Joe Wright said:
Ok vippstar whoever you are. You weren't listening. Among the three
systems, Apple, PC and Unix there are three line endings. Apple used a
single CR, Unix a single LF and the PC two bytes, CRLF.
Jacob said "There is no portable way to know what line separator the
system uses". Chuck said "Just open the file in text mode
(i.e. without the "rb") and wait until you detect a '\n' in the
stream".
My response to Chuck was that Hell will freeze over before a single CR
in a text stream will be converted to LF for me to see (on my system
here).
Agreed, what Chuck suggested will not reliably detect what line
terminator a system uses.
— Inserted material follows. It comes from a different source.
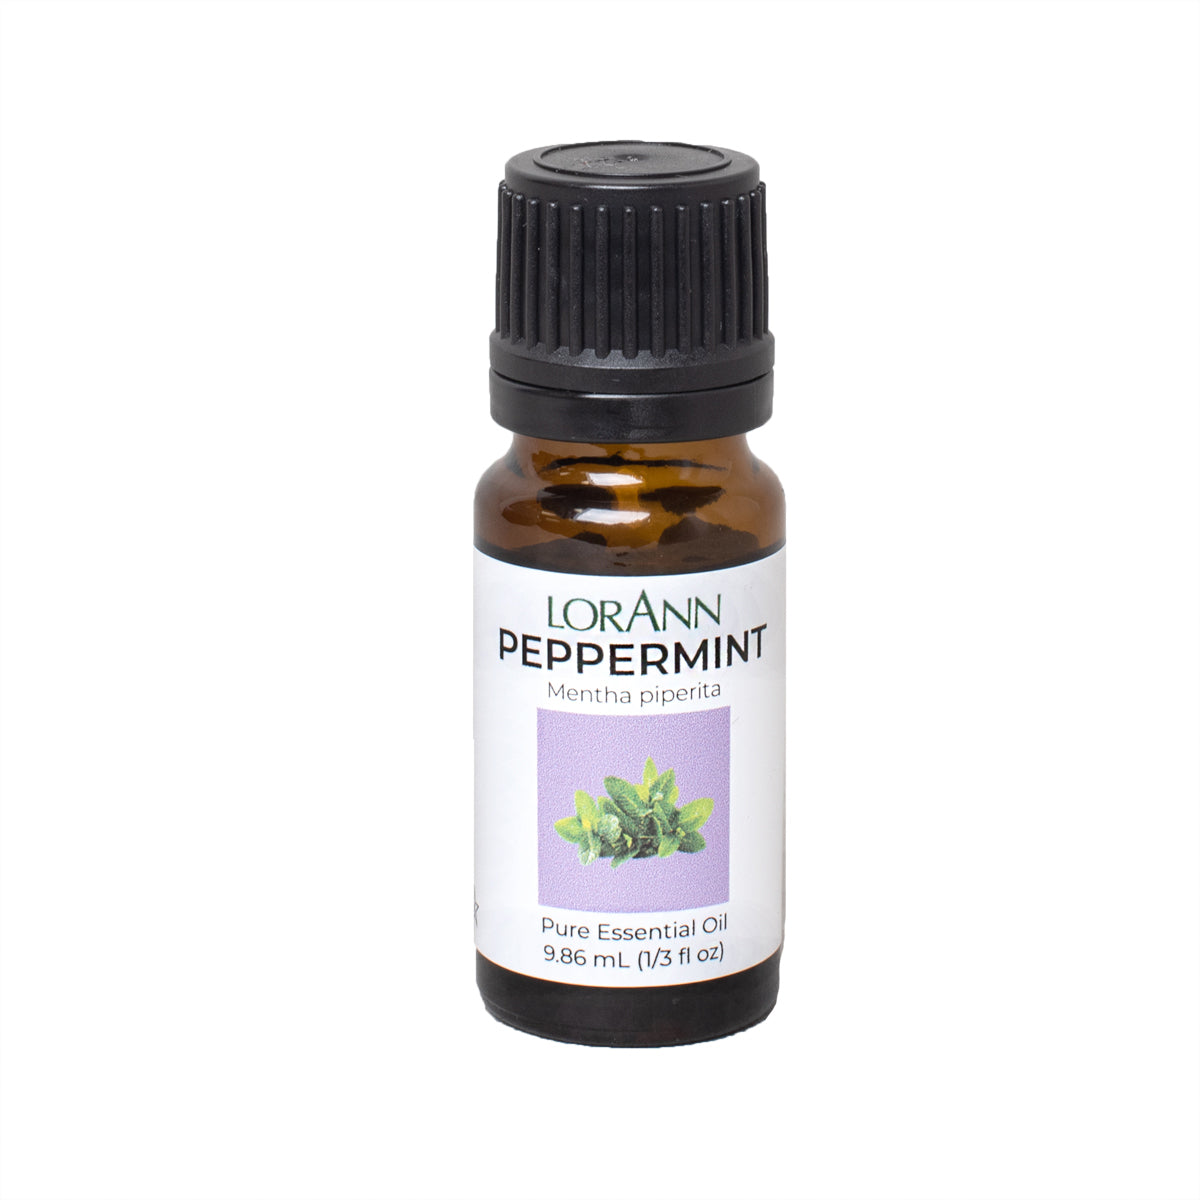 Peppermint Pure Essential Oil (Menta piperita) 1/3 fl oz
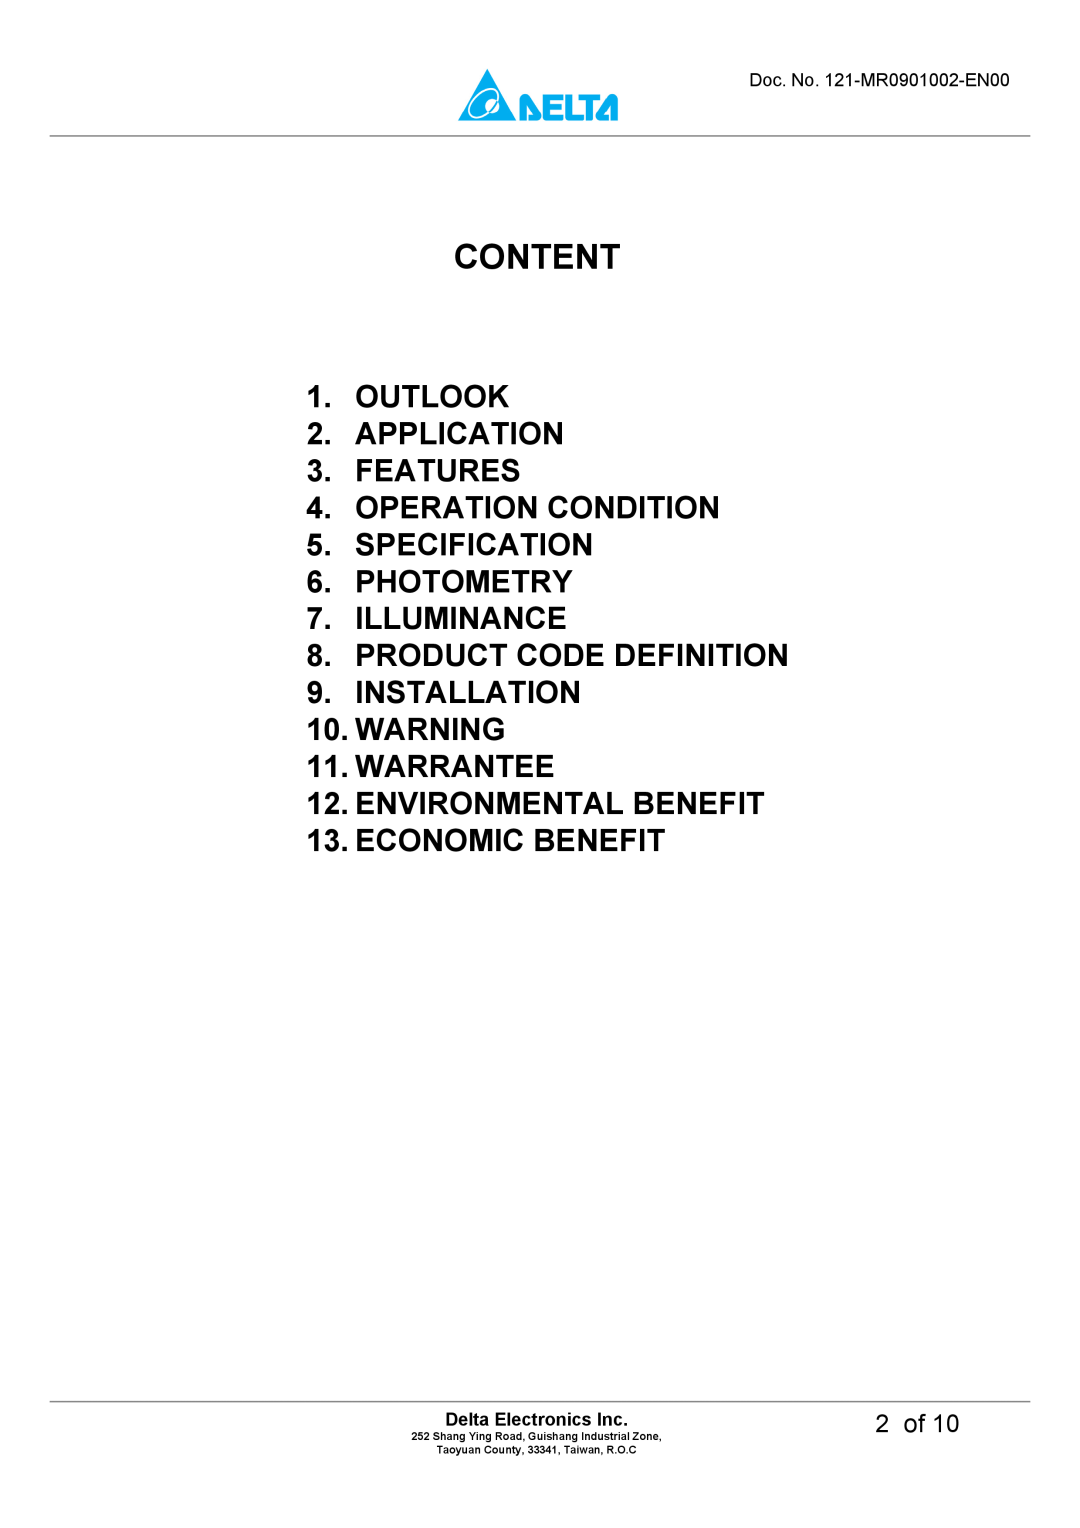 Delta Electronics MADT-09LD manual Content, 2 of, Delta Electronics Inc, OUTLOOK 2.APPLICATION 3.FEATURES, Economic Benefit

You might never see a '\n' when reading a
text file in binary mode (if the system doesn't use '\n' as its line
terminator, or as part of it).
If you write a small file in text mode, then read the same file in
binary mode, then you *might* be able to determine how the system
represents line endings. At least it should work for Unix (LF), MacOS
<= 9 (CR), and DOS/Windows (CRLF). But there are stranger systems
than any of those out there, for example, some that don't use a
character sequence to terminate a line.
But the point is (or should be) that most of the time *it doesn't
matter* how the system represents line endings. If you want to read a
text file, use text mode and let the implementation take care of it
for you. If you want to read a "foreign" text file, you need to know
how it's represented; you might be able to get away with guessing, but
it's better to know by other means. (How do you tell the difference
between a Windows text file and a Unix text file where each line
happens to end with a carriage-return?)
Do all of us the favor of assuming we know LF is '\n' and CR is
\r'. Now that you understand my reply to Chuck, please feel free to
comment on it.
LF isn't *necessarily* '\n'. '\n', or new-line, is a character that
the C implementation uses internally to represent a line terminator.
Whatever representation the OS uses is translated to '\n' on text-mode
input. On old MacOS, for example, it would have been sensible for
'\n' to be the ASCII CR character; I don't know whether it was
actually done that way.
It may be the case that every non-EBCDIC uses the ASCII LF character
for '\n', but the standard doesn't guarantee this.
[...]